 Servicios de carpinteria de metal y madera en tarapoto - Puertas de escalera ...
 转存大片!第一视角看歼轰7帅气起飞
==
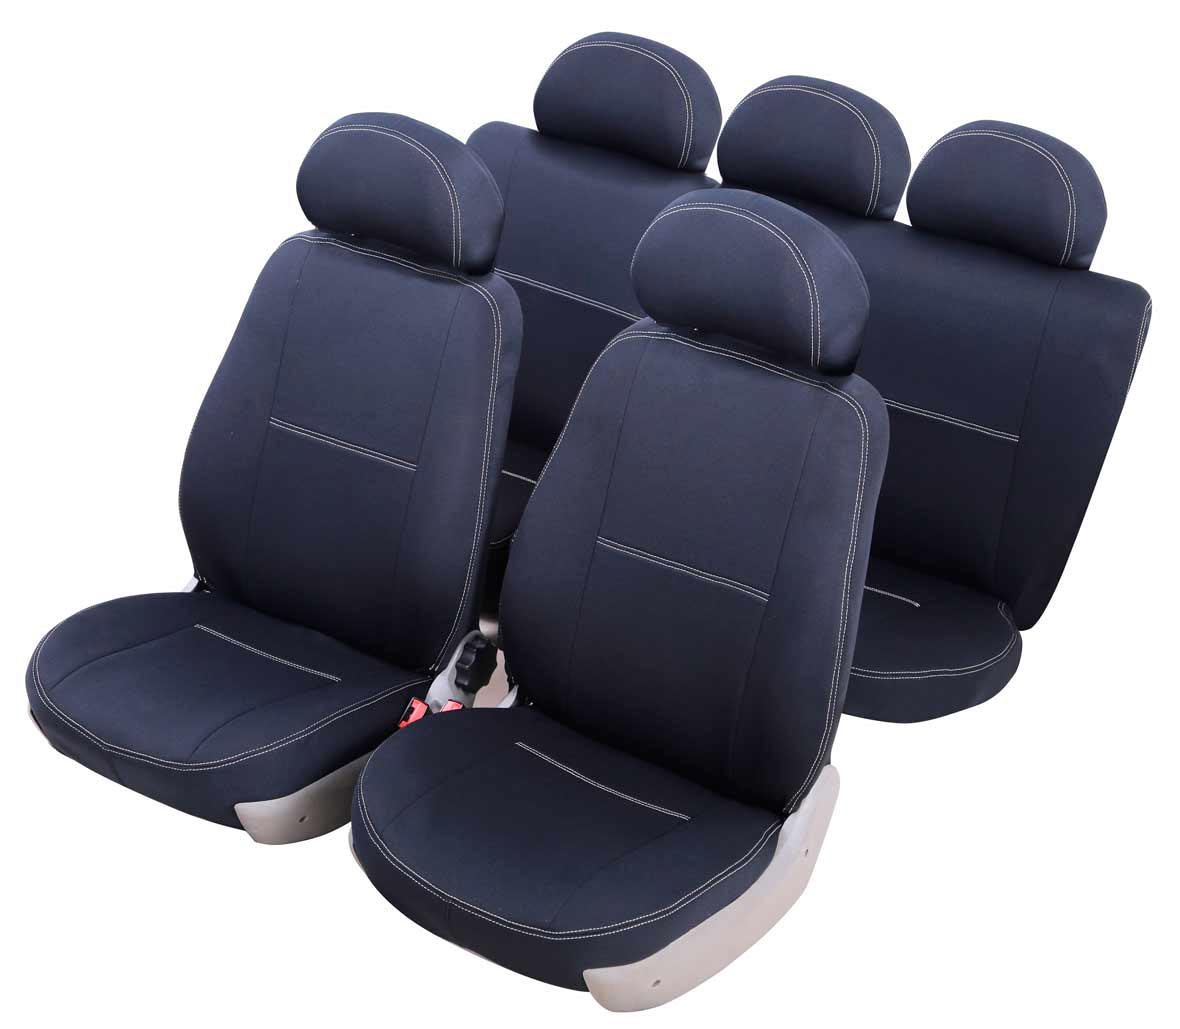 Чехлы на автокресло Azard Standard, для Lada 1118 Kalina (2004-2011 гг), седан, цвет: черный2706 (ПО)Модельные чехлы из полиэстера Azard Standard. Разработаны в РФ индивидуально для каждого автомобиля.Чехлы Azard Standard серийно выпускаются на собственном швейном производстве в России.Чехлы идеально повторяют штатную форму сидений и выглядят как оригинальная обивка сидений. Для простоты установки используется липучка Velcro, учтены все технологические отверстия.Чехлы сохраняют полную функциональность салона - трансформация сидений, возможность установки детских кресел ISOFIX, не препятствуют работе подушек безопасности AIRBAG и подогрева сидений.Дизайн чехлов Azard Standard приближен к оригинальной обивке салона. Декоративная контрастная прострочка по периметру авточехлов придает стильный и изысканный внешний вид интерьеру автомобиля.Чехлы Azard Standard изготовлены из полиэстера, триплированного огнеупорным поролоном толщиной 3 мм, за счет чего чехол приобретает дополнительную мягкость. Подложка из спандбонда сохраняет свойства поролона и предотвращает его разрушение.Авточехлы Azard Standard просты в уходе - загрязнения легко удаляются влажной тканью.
==
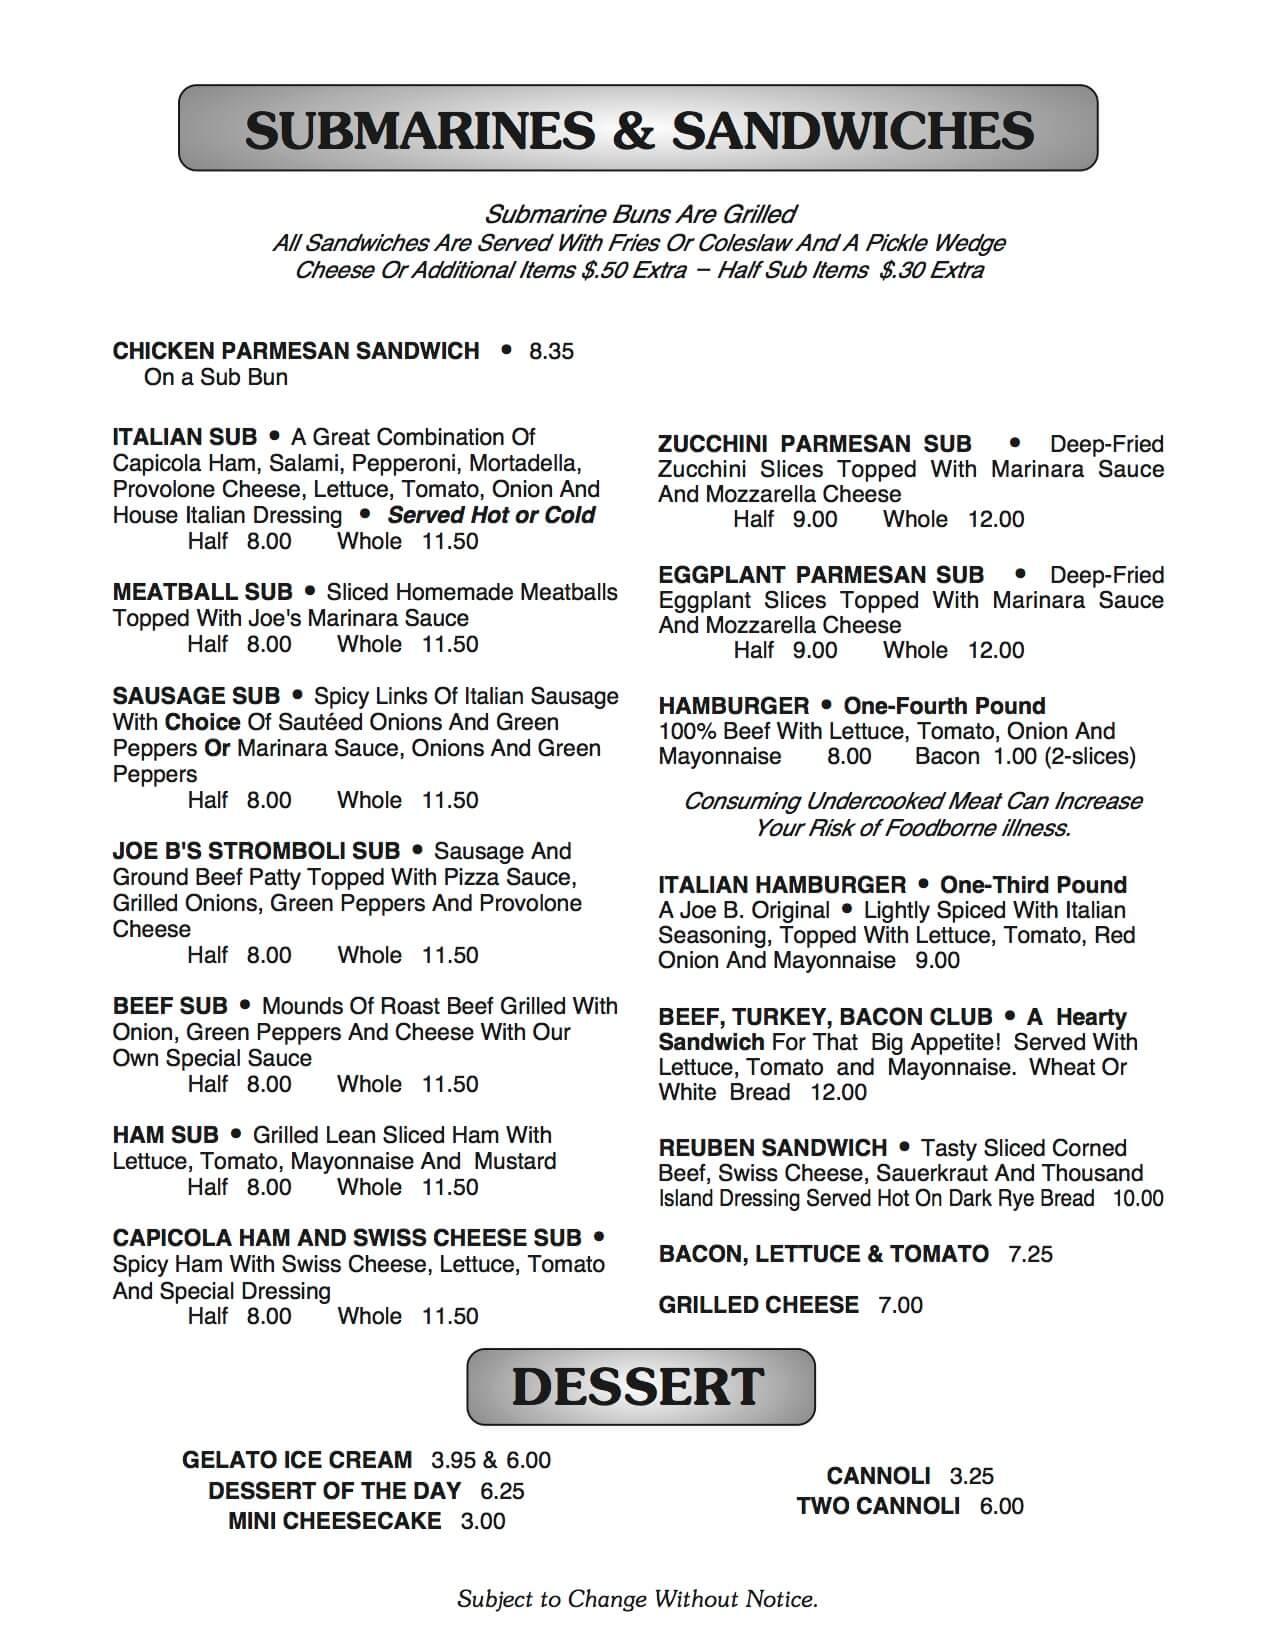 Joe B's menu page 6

TASK DESCRIPTION =
Would you please repeat exactly the lines above, starting at the line with "Servicios de carpinteria" and stopping at the line with "转存大片!第一视角看歼轰7帅气起飞", both included?

RESULT =
 Servicios de carpinteria de metal y madera en tarapoto - Puertas de escalera ...
 转存大片!第一视角看歼轰7帅气起飞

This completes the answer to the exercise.